_SUPPLIED INFORMATION_

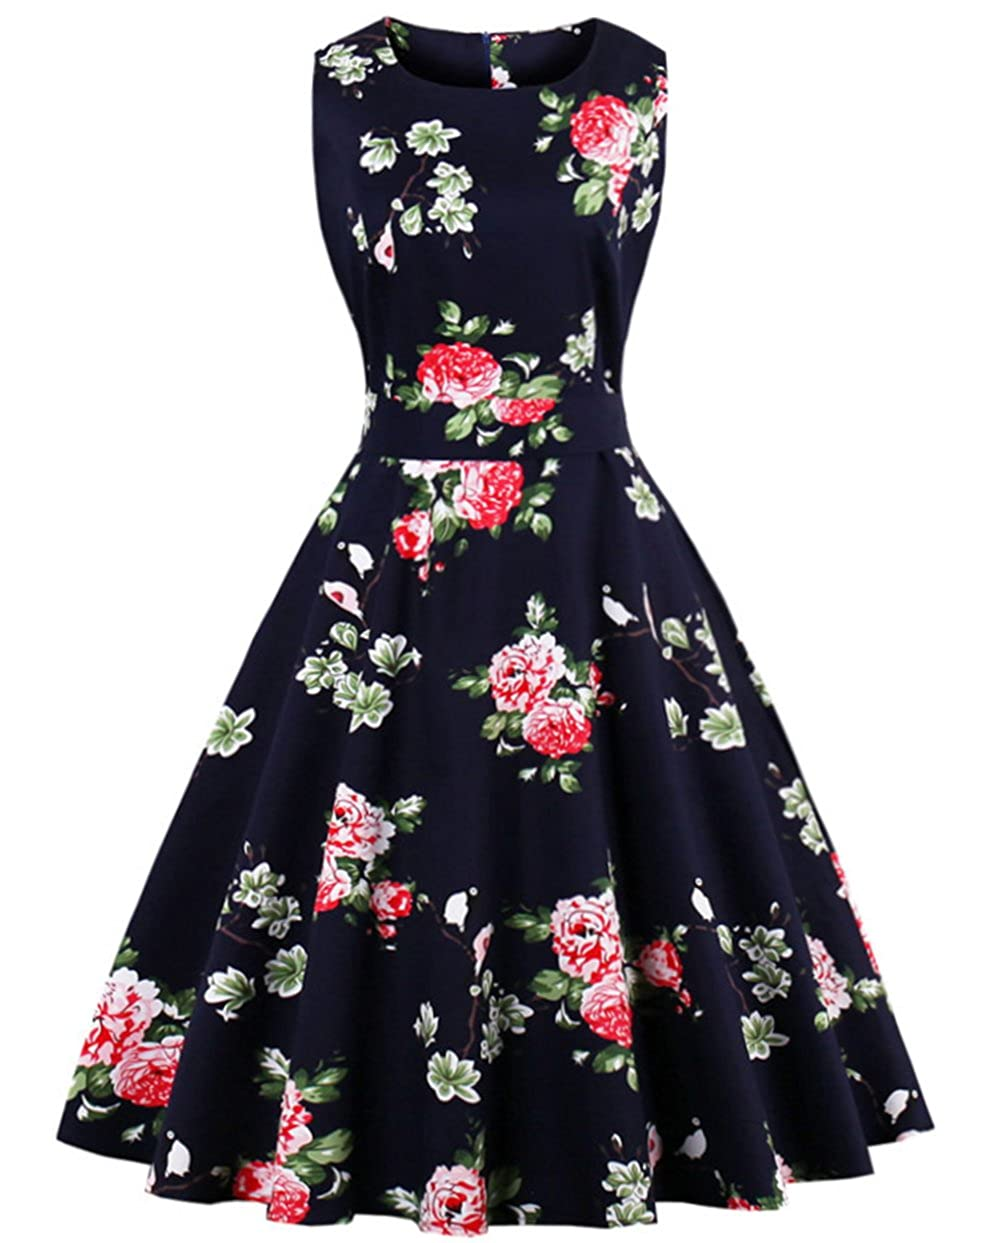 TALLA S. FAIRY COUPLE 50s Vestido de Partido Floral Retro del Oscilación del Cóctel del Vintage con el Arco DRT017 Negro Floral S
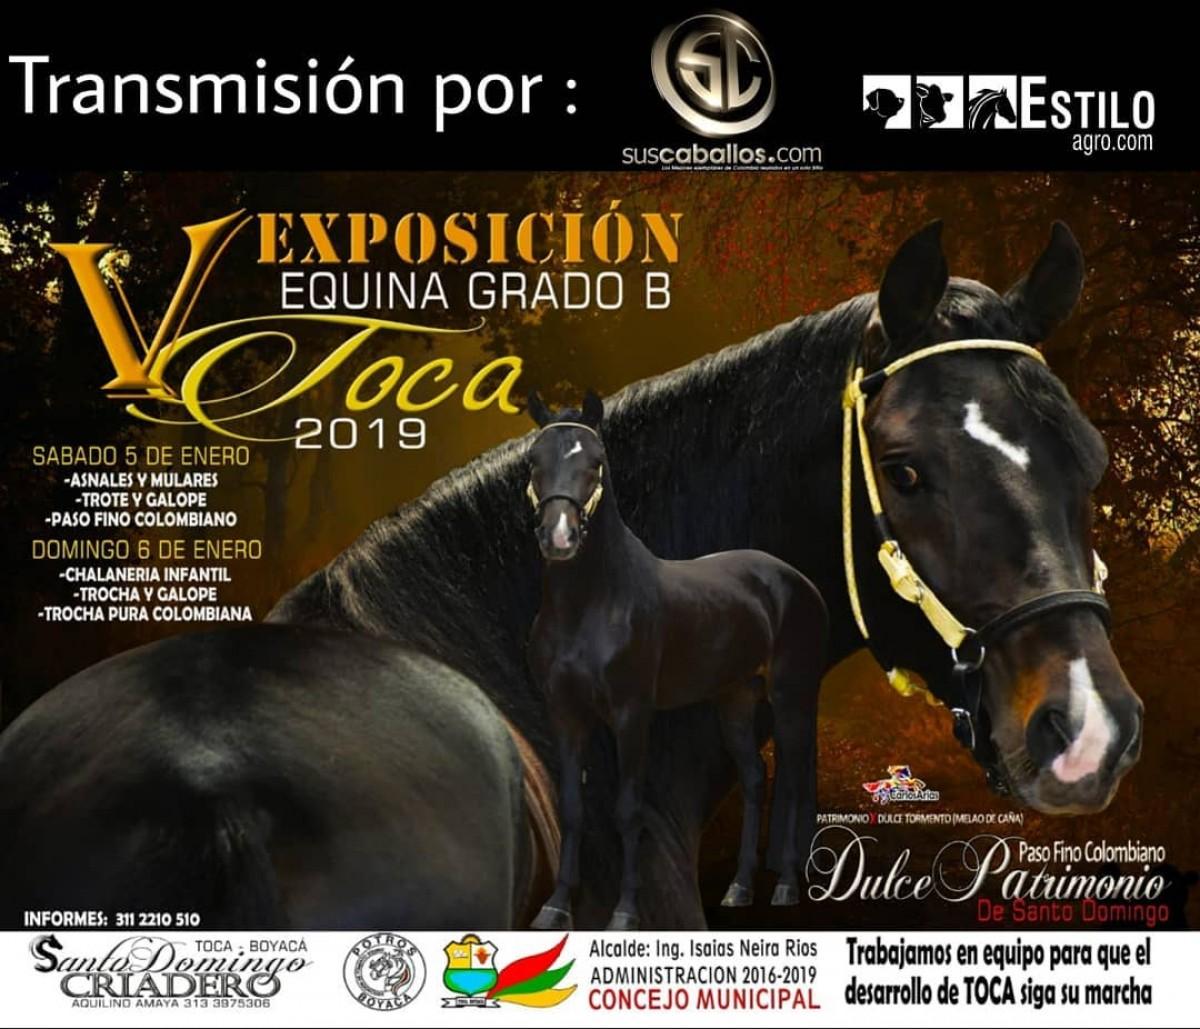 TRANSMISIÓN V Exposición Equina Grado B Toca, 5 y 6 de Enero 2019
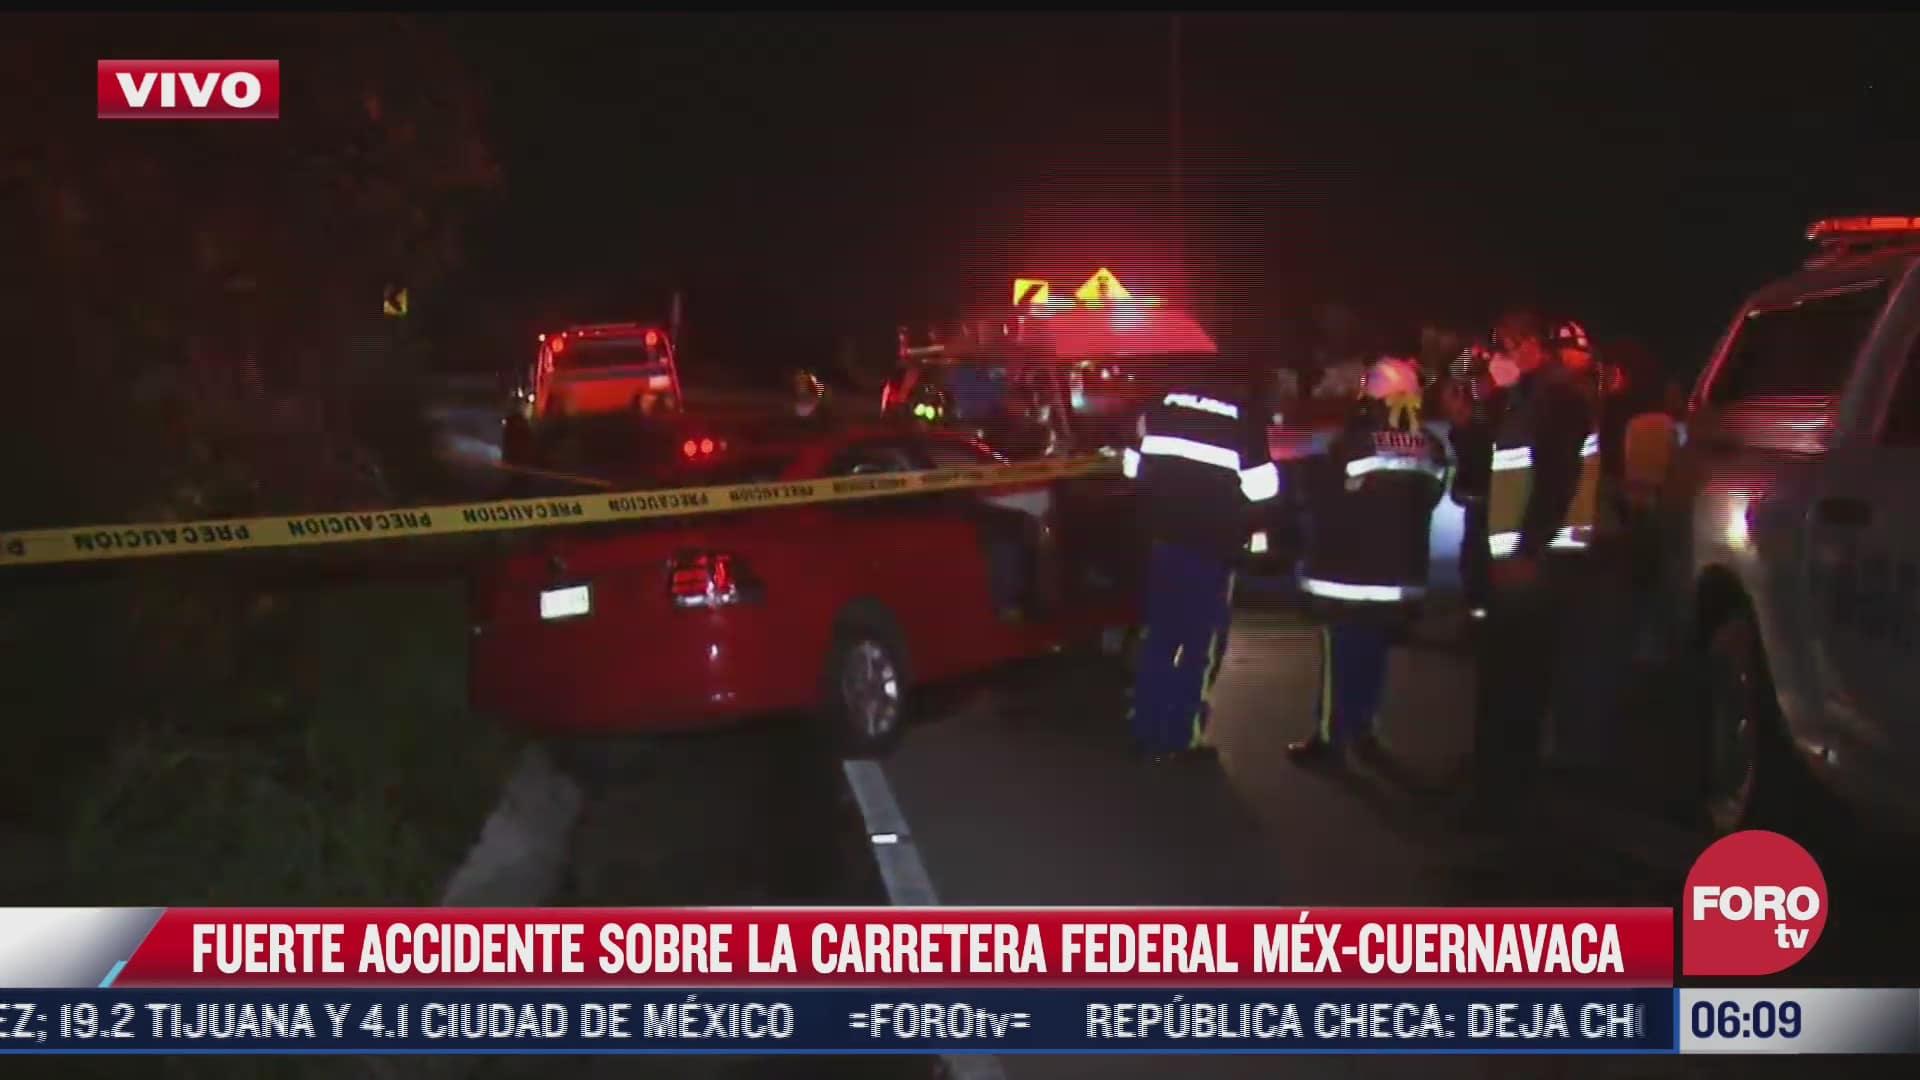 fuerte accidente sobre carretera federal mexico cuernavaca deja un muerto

_INSTRUCTIONS FOR THE TASK_
The answer must be the full listing above, copied exactly, with no pictures in it.

_REPLY_
 TALLA S. FAIRY COUPLE 50s Vestido de Partido Floral Retro del Oscilación del Cóctel del Vintage con el Arco DRT017 Negro Floral S
 TRANSMISIÓN V Exposición Equina Grado B Toca, 5 y 6 de Enero 2019
 fuerte accidente sobre carretera federal mexico cuernavaca deja un muerto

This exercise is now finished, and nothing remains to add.